Temperature Makes a Difference
First off, it takes quite a bit of temperature and energy to catch a full log on fire. In fact, most small fires are not hot enough to generate an ignition. A solid piece of wood is a compressed material. There is no airflow inside it. And fire needs both fuel material and oxygen to grow. This is why many times people need some kind of fire starter chemical or agent in a fireplace, or even crumpled paper to generate sufficient ignition heat. That said, modern living has plenty of material that can do the trick.
Our Lifestyle and Plastics
Unlike homes some 40 or 60 years ago, today’s homes include a lot of products that are made of plastics. Carpeting, drapes, furniture covers, kitchen appliances, and more use an incredible amount of petroleum-based products in their assembly. These items and their components are far more prone to catch fire with a home ignition. And when they do, they burn hotter. That’s the temperature level that is then needed to cause a structure to burn. This is proven again and again with industrial fire testing, especially in how fast a modern home catches fire and goes to flashover temperatures (critical level) versus older organic materials. So, in a nutshell, the risk of a home fire isn’t automatically increased by the structure being made of logs; it’s increased by all the plastic we have around us.
Second, modern log homes use materials that have been treated for fire resistance. Log homes constructed today are not simply raw wood. Each component prepared for use in a residential structure and fabricated to meet industry standards for such use. That includes fire safety requirements that anticipate home use causes.
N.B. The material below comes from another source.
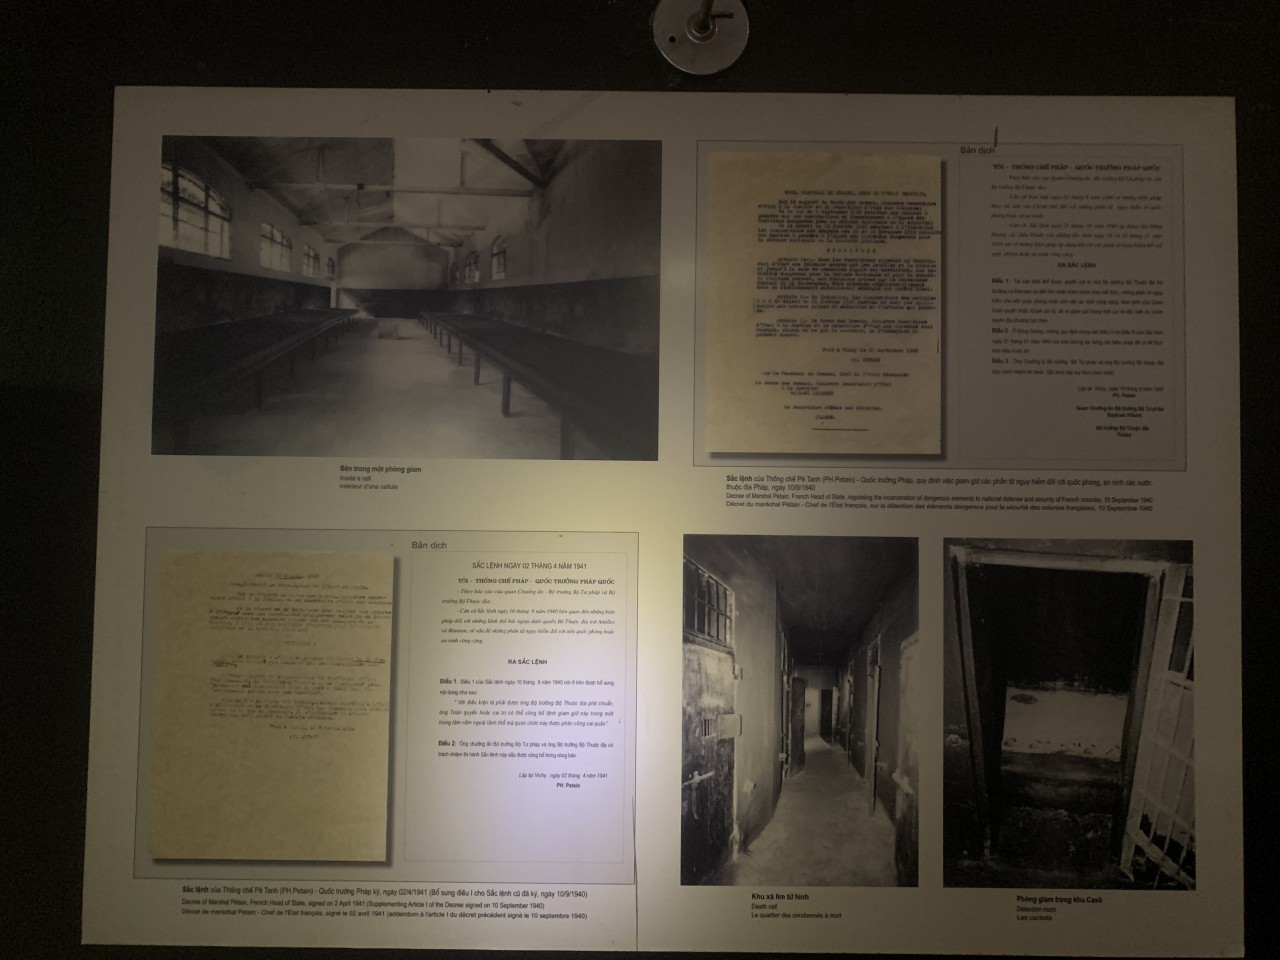 Hình ảnh khu bếp, khu vệ sinh, bản giấy tờ bắt giữ chiến sĩ.

Fire Needs Air and Gaps to Spread
Unlike a tract home, which uses a combination of framing, foam insulation, and drywall interior surfacing, log homes are built with a wall and frame structure that is thick, compact, and solid. Hollowed-up framing creates pathways for fire to travel. The same can’t happen in a modern log home. Instead, the fire can only scorch the outside, the exposed surface of the log. While it may char, it won’t automatically lose integrity or structure strength. The same can be seen in forest fires. While the ground brush, dead leaves, bushes, and the bark of trees burn immediately, the trees themselves survive due to their thickness. It’s only when the heat of a fire is so intense, that even solid wood will burn, just like a log in a fireplace. It takes a lot of energy to get to that kind of heat level, but when it does, even a log home will burn eventually.
So, it could be argued, given the above, that a modern log home may actually be safer than a standard residential home in suburban projects, especially given today’s frame designs.